Posted by: nursecindy | August 28, 2020 at 12:21 PM
What nursecindy said.
This genius thought it was "human remains" so she went to the #1 authority to check - Facebook Live? WTFBBQ?
Just buying "smoked turkey tails" disqualifies her from anyone I want to associate with.
Posted by: Jeff Meyerson | August 28, 2020 at 12:43 PM
If it was really a pork tail, shouldn't it be corkscrew shaped? In which case, it would look like a duck penis.
Posted by: Rod Nunley | August 28, 2020 at 12:47 PM
Didn't Phallic-Shaped Meat open for Madonna? Maybe it was the other way around.
Posted by: Rudolph | August 28, 2020 at 01:02 PM
Maybe it was just glad to see her.
Posted by: Burt Macklin, FBI | August 28, 2020 at 02:44 PM
This never would have happened if Joe Friday was on the case.
Posted by: cfjk | August 28, 2020 at 05:00 PM
From the diary of Detective Joe Friday-
Since leaving California to save our sanity, Frank Gannon and I have guns and now travel to assist law enforcement agencies. Our last case took us to Akron, in the conservative state of Ohio.
Police were baffled by a 11-115-08.3. The selling of phallic shaped meat in public. This heinous crime is a hanging offense in Texas, but Ohio wanted to be more lenient for some reason.

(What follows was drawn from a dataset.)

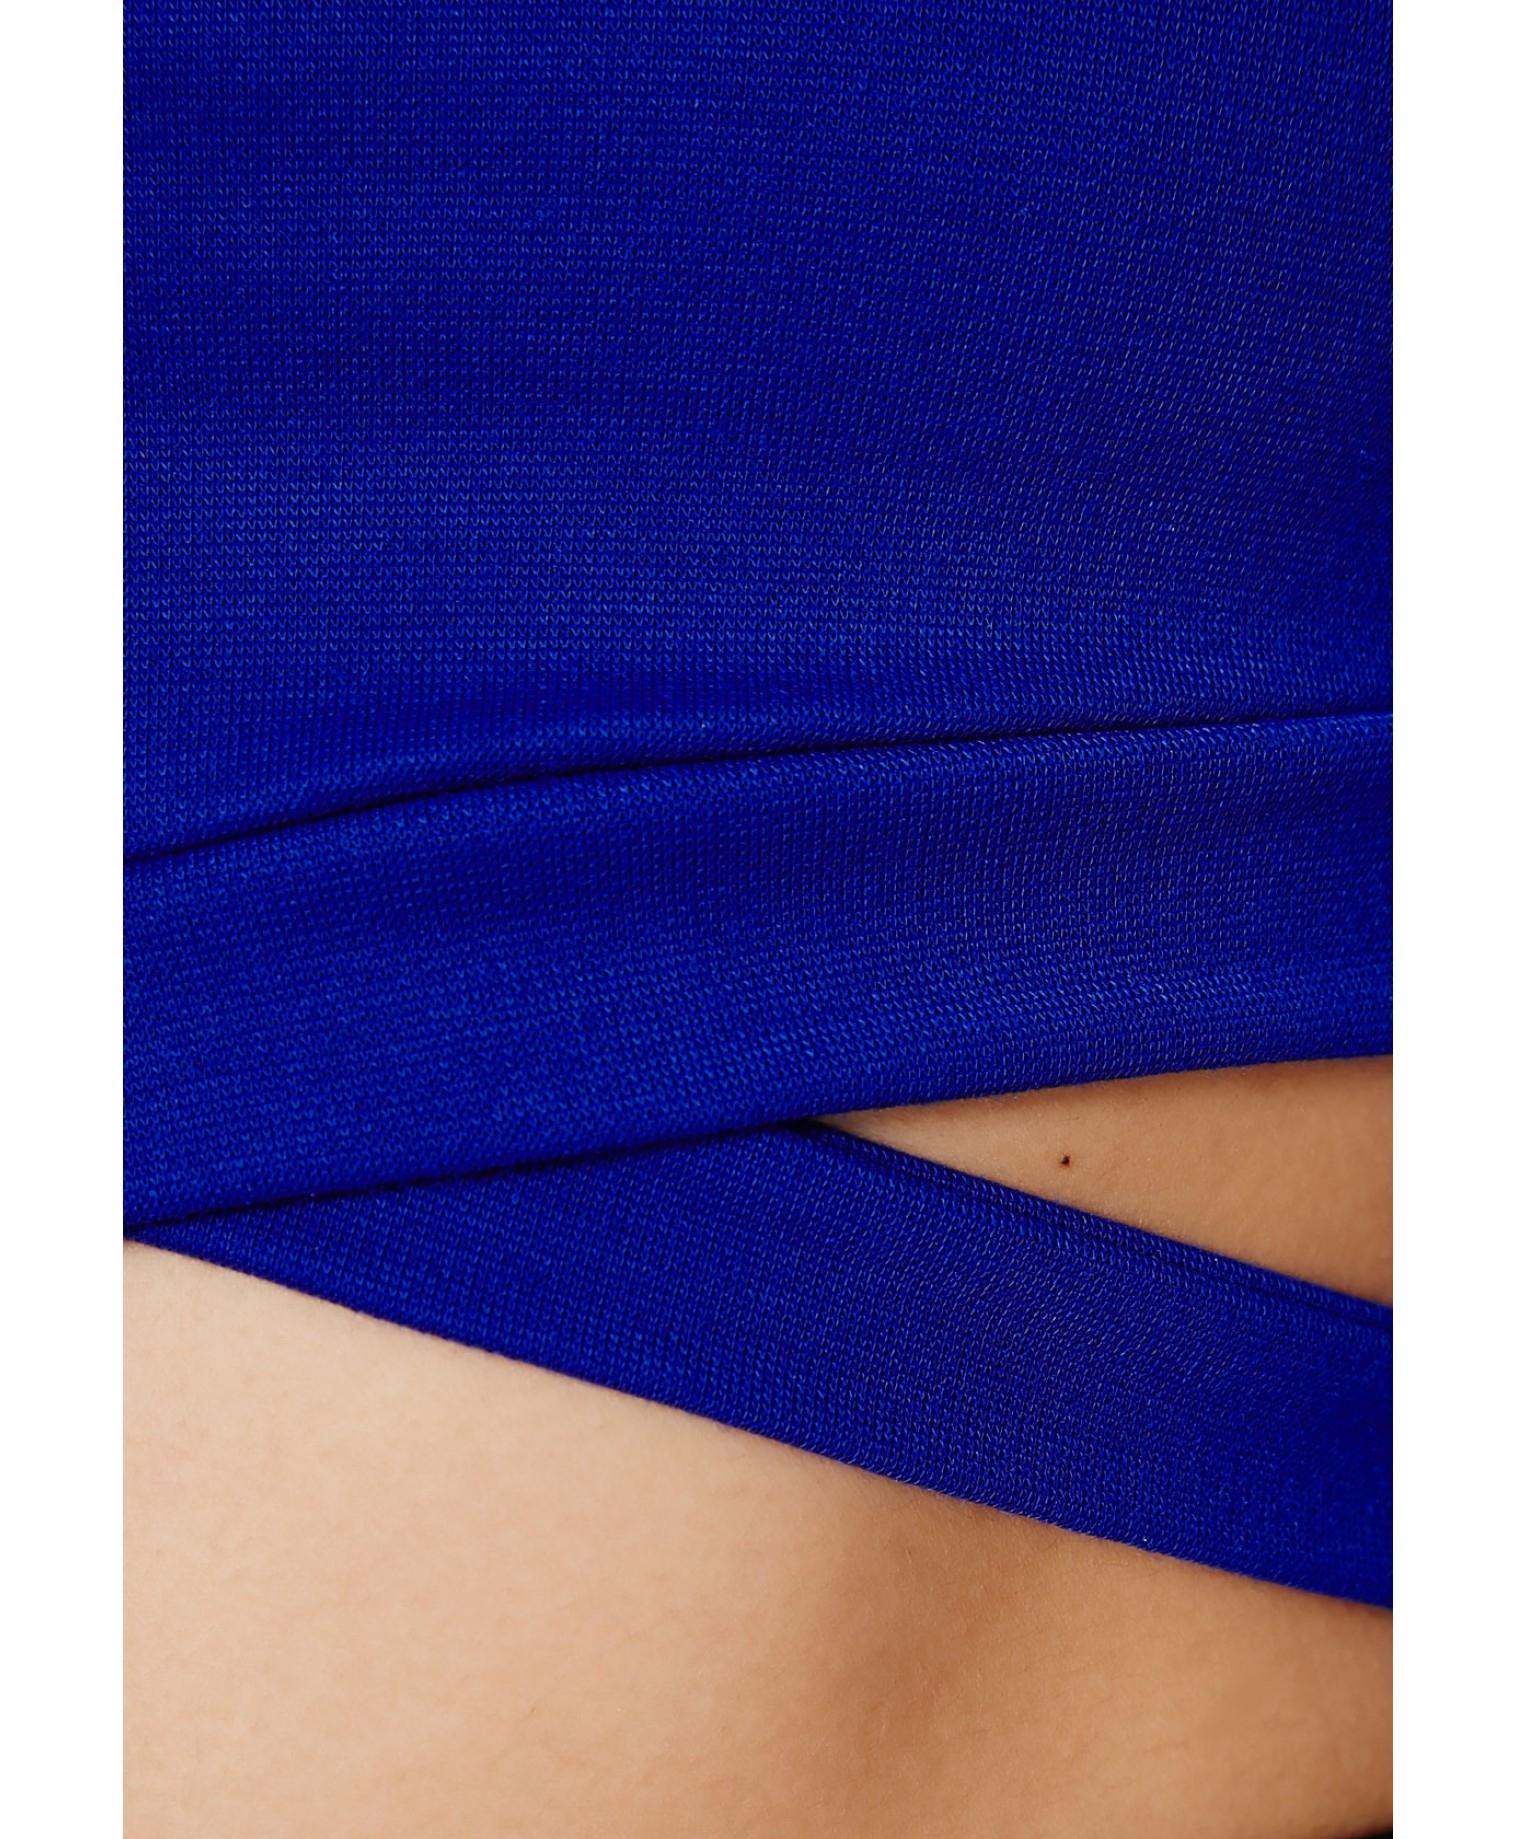 4f6af1428f2142 Lyst - Missguided Chara Bandage Waist Crop Top in Cobalt Blue in Blue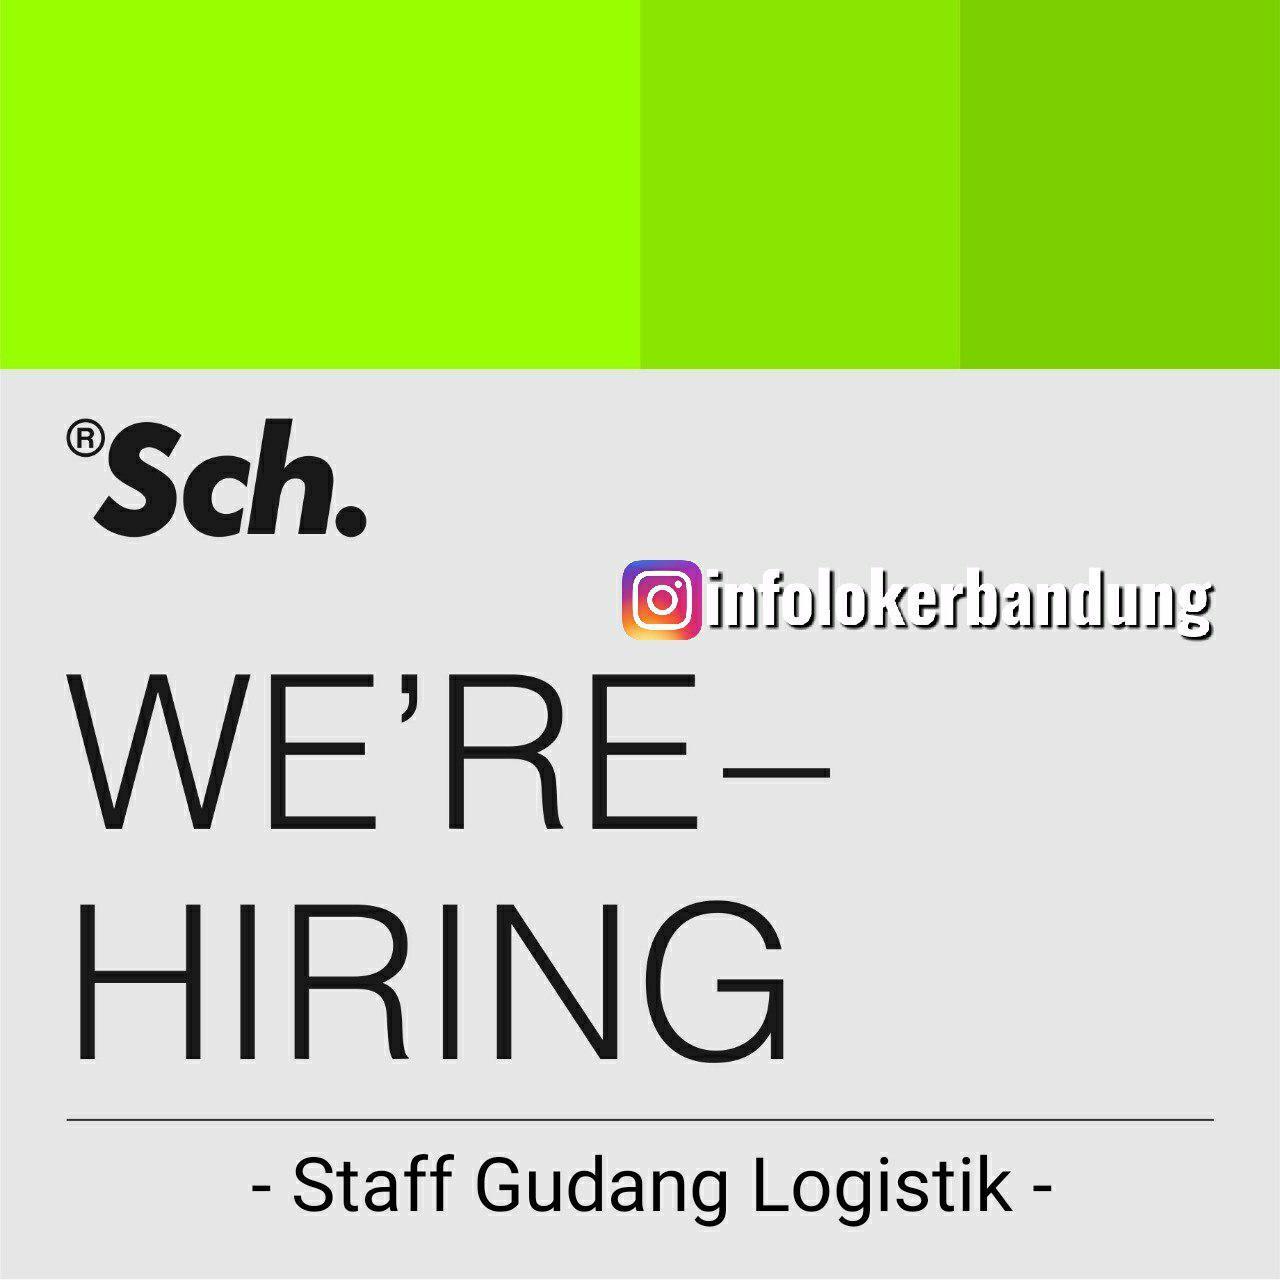 Lowongan Kerja Staff Gudang Logistik Bandung September 2019

Frank started checking out the purveyors of meat while I interviewed local veterinarians to see if they had done any forensic tests of phallic-shaped meat products.
Frank and I concluded the vile meat came from the Turkey Trot Farm. These criminals were passing turkey tails off as edible food! Oh, the humanity! All of those poor innocent turkeys walking around tailless.
We submitted our report to an unbelievable lack of judicial concern for innocent citizens.
We considered more drastic measures, but being lawmen, we decided to simply take our fee and travel without shooting anyone. Akron reminded us too much of Los Angeles anyway. When we drove past the State Line, Frank shed a tear, but when I mentioned we had a new case to solve in Florida and he would certainly get to shoot his gun there, he brightened.
Posted by: Le Petomane | August 28, 2020 at 06:51 PM
Isn't "phallic shaped meat" redundant? Maybe they should have used a meat seeking missile?